We have previously used the differential display method to identify a gene that is expressed preferentially in the mushroom bodies of worker honeybees and to show that it encodes a putative inositol 1,4,5-trisphosphate receptor (IP3R) homologue (Kamikouchi et al. [1998] Biochem. Biophys. Res. Commun. 242:181-186). In the present study, we examined whether the expression of some of the genes for proteins involved in the intracellular Ca2+ signal transduction is also concentrated in the mushroom bodies of the honeybee by isolating cDNA fragments that encode the Ca2+/calmodulin- dependent protein kinase II (CaMKII) and protein kinase C (PKC) homologues of the honeybee. In situ hybridization analysis revealed that the expression of these genes was also concentrated in the mushroom bodies of the honeybee brain: The CaMKII gene was expressed preferentially in the large-type Kenyon cells of the mushroom bodies, whereas that for PKC was expressed in both the large and small types of Kenyon cells. The expression of the genes for IP3R and CaMKII was concentrated in the mushroom bodies of the queen and drone as well as in those of the worker bee. Furthermore, the enzymatic activities of CaMKII and PKC were found to be higher in the mushroom bodies/central bodies than in the optic and antennal lobes of the worker bee brain.

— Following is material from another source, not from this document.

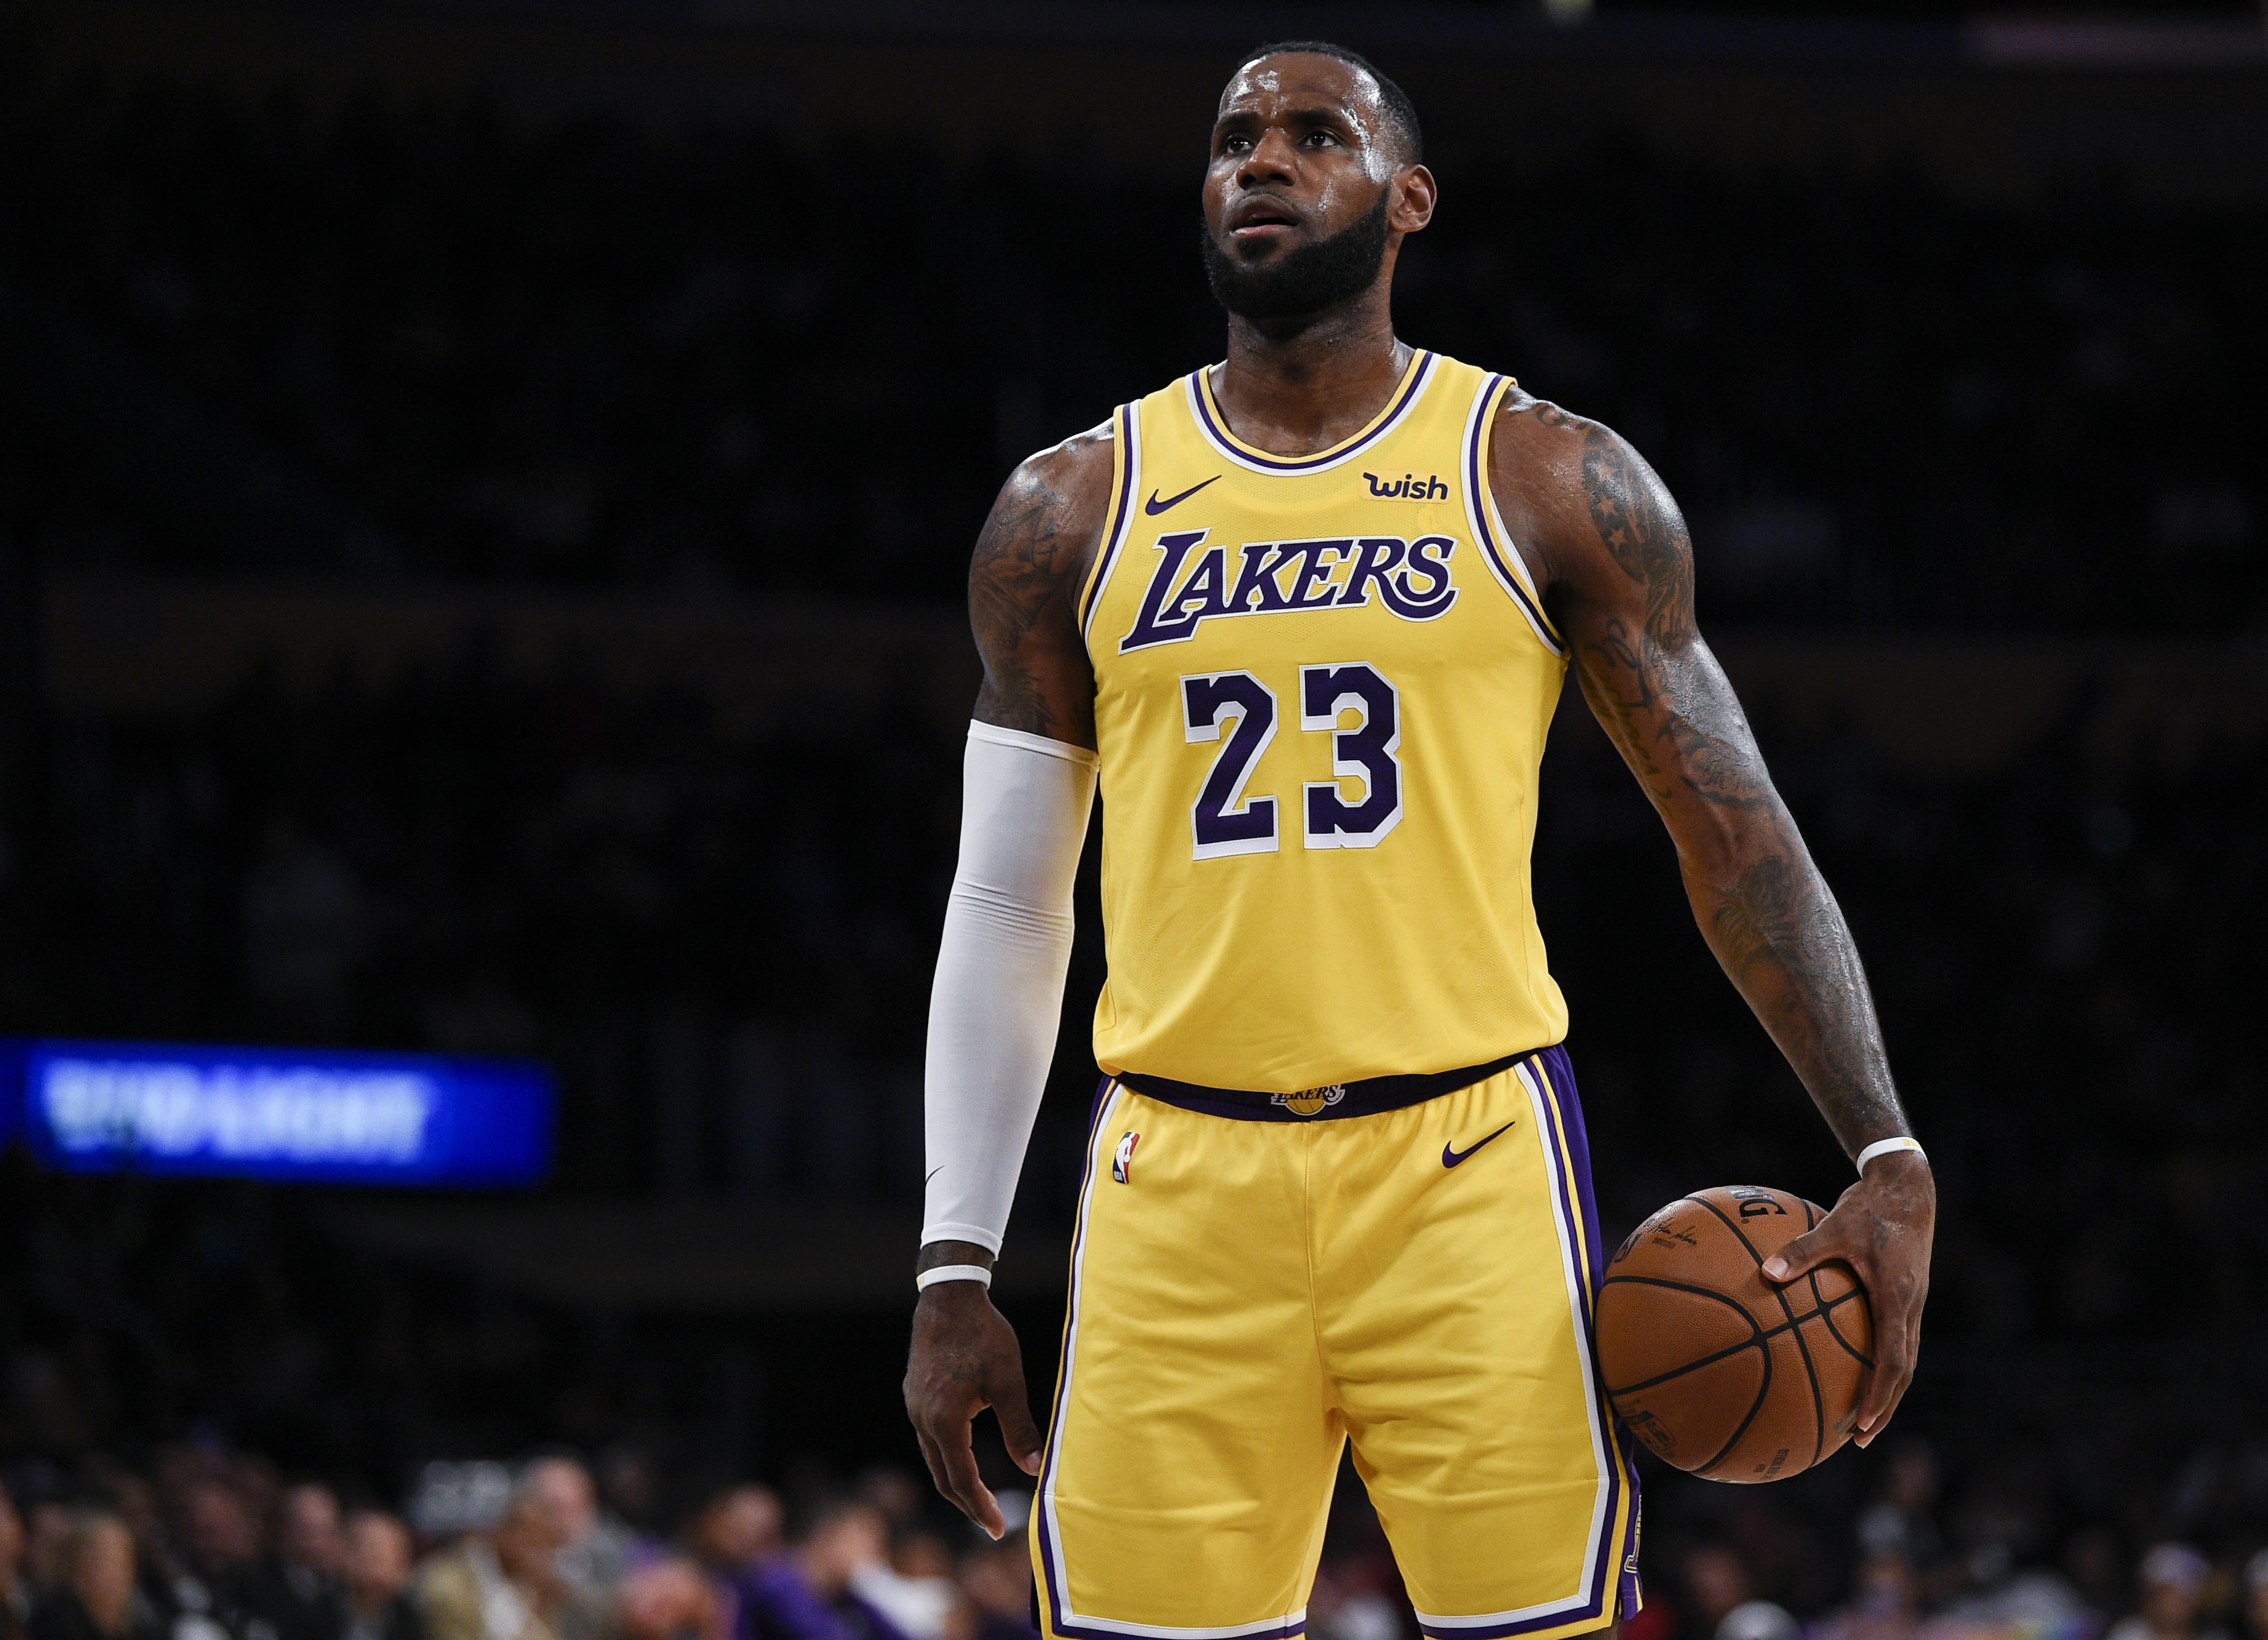 Nba Wallpapers Lebron James Lakers

These results suggest that the function of the intracellular Ca2+ signal transduction is enhanced in Kenyon cells in comparison to other neuronal cell types in the honeybee brain. (C) 2000 Wiley-Liss, Inc.

Original languageEnglish
Pages (from-to)501-510
Number of pages10
JournalJournal of Comparative Neurology
Volume417
Issue number4
DOIs
Publication statusPublished - Feb 21 2000
Externally publishedYes

Keywords

  • Gene expression
  • In situ hybridization
  • Intracellular Ca signal transduction
  • Kenyon cells
  • cDNA cloning

ASJC Scopus subject areas

  • Neuroscience(all)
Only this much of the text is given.